Bulgarian-Romanian relations are foreign relations between Bulgaria and Romania. Bulgaria has an embassy in Bucharest. Romania has an embassy in Sofia and three honorary consulates (in Burgas, Silistra and Vidin). There are 7,336  Bulgarians who are living in Romania and around 4,575 Romanians living in Bulgaria.
The countries share 608 km of common borders, mostly along the Danube. Both countries are full members of the European Union and NATO.
The two countries joined NATO in 2004 and then the European Union in 2007.

History

Bulgarian relations with Romania feature regular official visits by the two presidents. Romanian-Bulgarian relations are developing "very intensively" because of EU accession, since Romania and Bulgaria both joined the European Union in 2007. In the first half of the 20th century, Romania and Bulgaria had a serious conflict over the Dobruja region. This dispute, while now largely forgotten, escalated into all out war in 1913. The territorial dispute between the two countries ended with the Treaty of Craiova.

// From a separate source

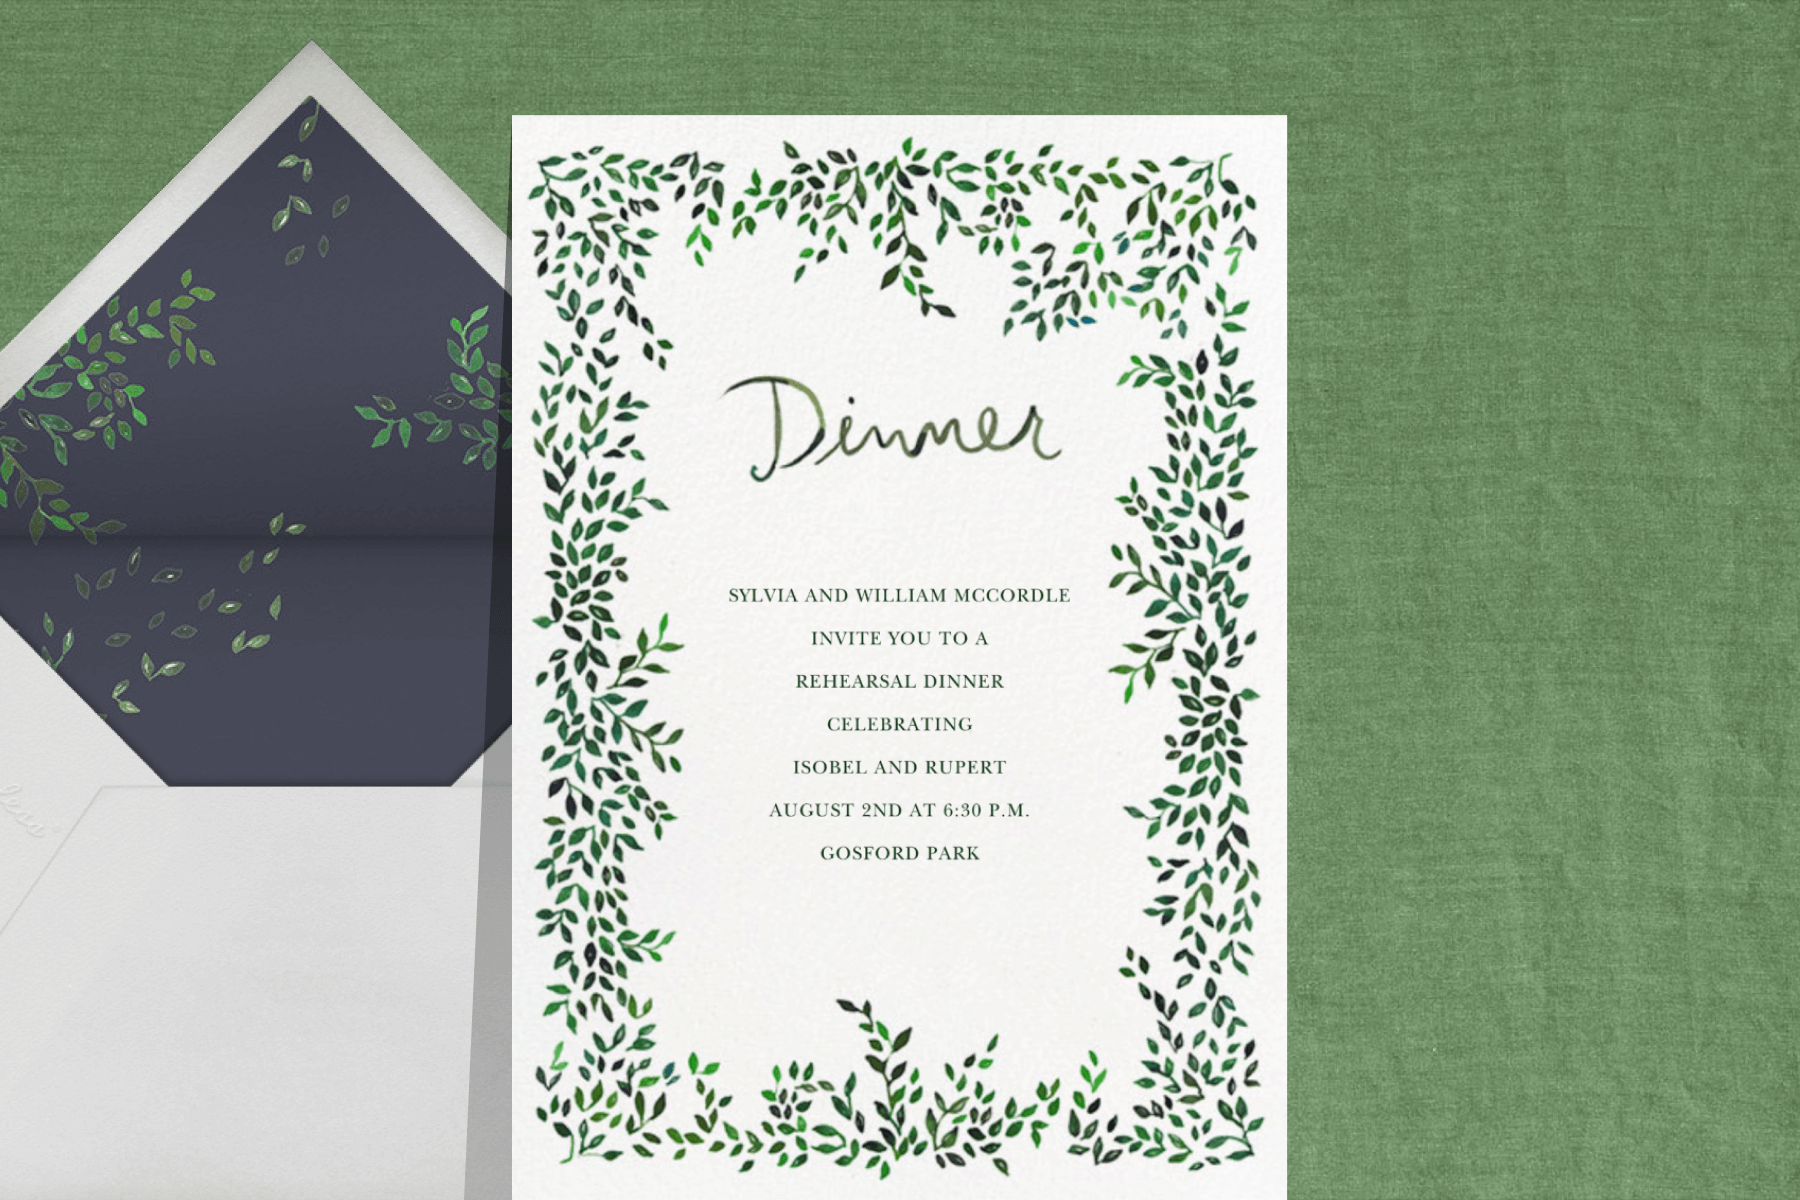 A rehearsal dinner invitation with “Dinner” in script handwriting and greenery on the border.

During the 20th century, Bulgaria and Romania fought in the side of the German Empire and Nazi Germany during the two world wars. Both countries became communist states under the influence of the Soviet Union but Romania formally left the sphere in 1964. The communist regimes collapsed in 1989.

There are close relations between Ruse and Giurgiu which have one of the two bridges on the Danube in the section shared by the two countries, the Danube Bridge. The other bridge is the New Europe Bridge located between Vidin and Calafat, its construction was completed in June, 2013.

2019 African swine fever controversy
A diplomatic row broke out in August 2019 between Bulgaria and Romania over the African swine fever (ASF).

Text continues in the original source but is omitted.